House Majority Leader Ryan Winkler, DFL-Golden Valley, said it ends the emergency in an orderly way.
“We have to have a vaccine program. We have to have a testing program. We have to move workers back, state employees back to their agencies. We have to have flexibility in unemployment insurance. We have to make sure if there is a surge we are prepared for it in the future.”
House Republicans led by Minority Leader Kurt Daudt slammed it as backtracking on a vote to rescind the peacetime emergency.

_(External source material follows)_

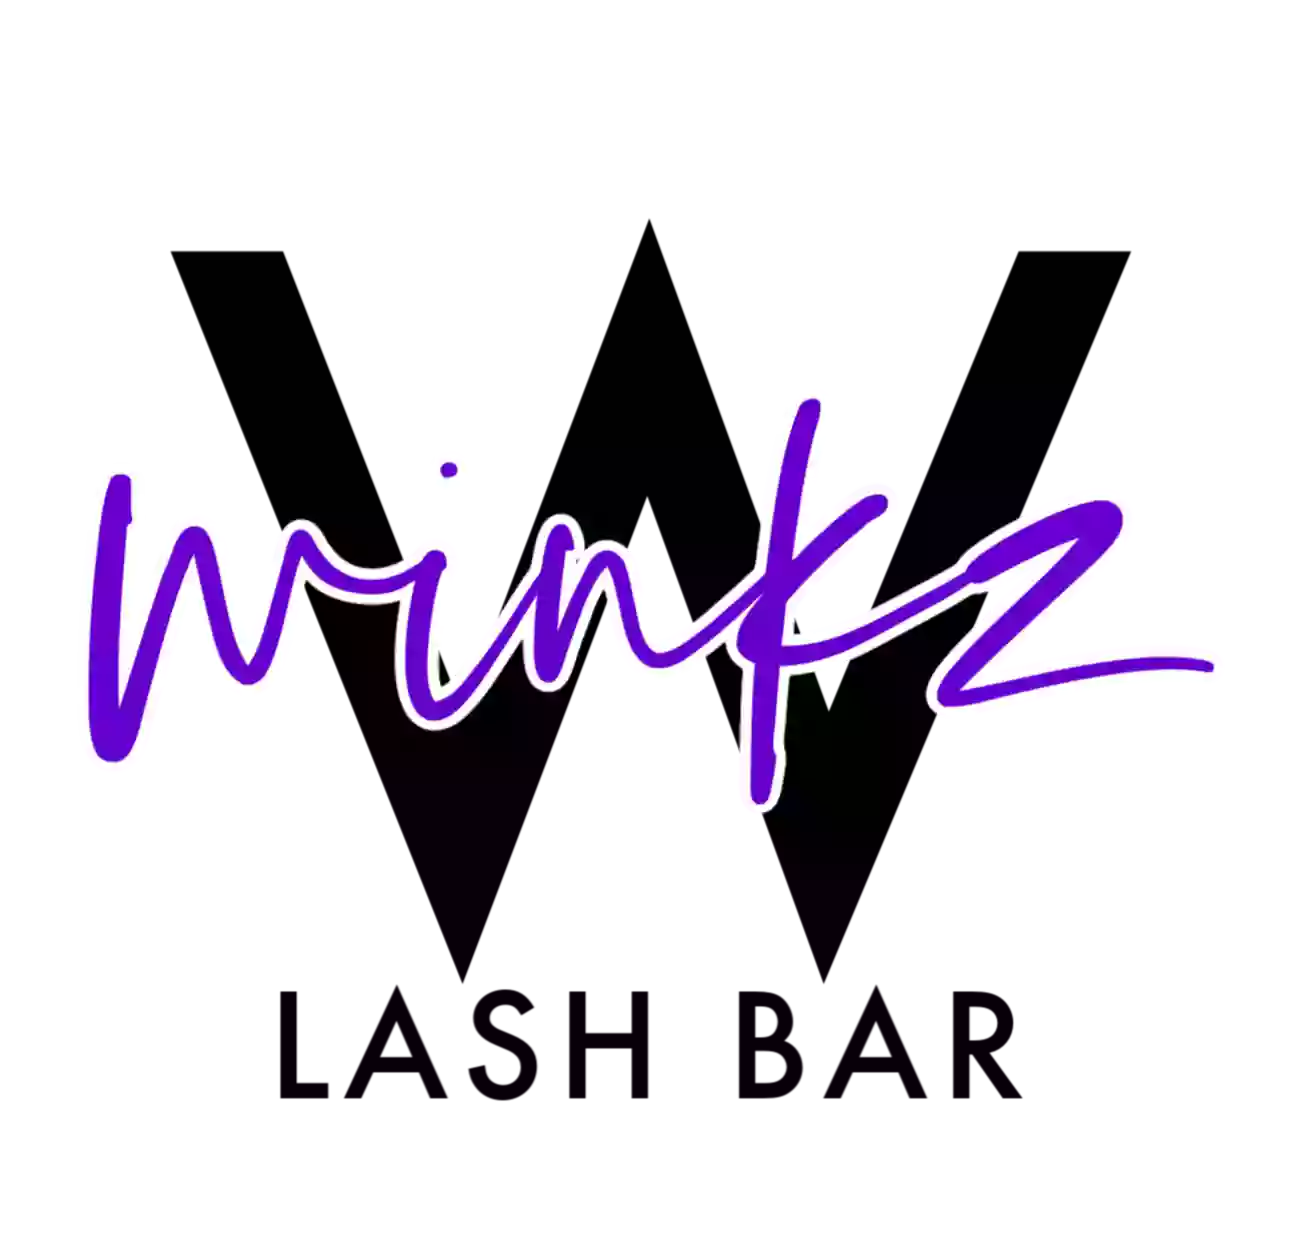 Winkz Lash Bar

“We’re just putting conditions on last night’s end of the emergency powers. We’re giving the governor new emergency powers — public health disaster declaration,” Daudt said, noting language that allows agencies to sidetrack normal contracting requirements and gives contractors legal protections if something goes wrong.
Lt. Gov. Peggy Flanagan said the administration got a lot done during the time the state of emergency was in place.
“We are going to work in partnership with the Legislature through the end here, and if we need to come back together to ensure that there are things that are keeping Minnesotans safe, we’ll do that,” she said.
Flanagan was highlighting the passage of a finance bill for affordable housing programs. The bill also includes a wind-down of the state’s eviction moratorium.
Another big piece of the budget — the health and human services bill — includes an extension of the health insurance reinsurance program designed to stabilize individual market premiums.
The transportation bill increases funding for roads, bridges and transit.
The jobs bill includes financial help to small businesses harmed by COVID-19.
Even with a new budget in place, the long special session is not over. Gazelka said lawmakers plan to stick around a little longer for a potential bonding bill package of public construction projects — and for one more reason.
“We want to make sure the governor signs the bills,” Gazelka said.
MPR News reporter Brian Bakst contributed to this story.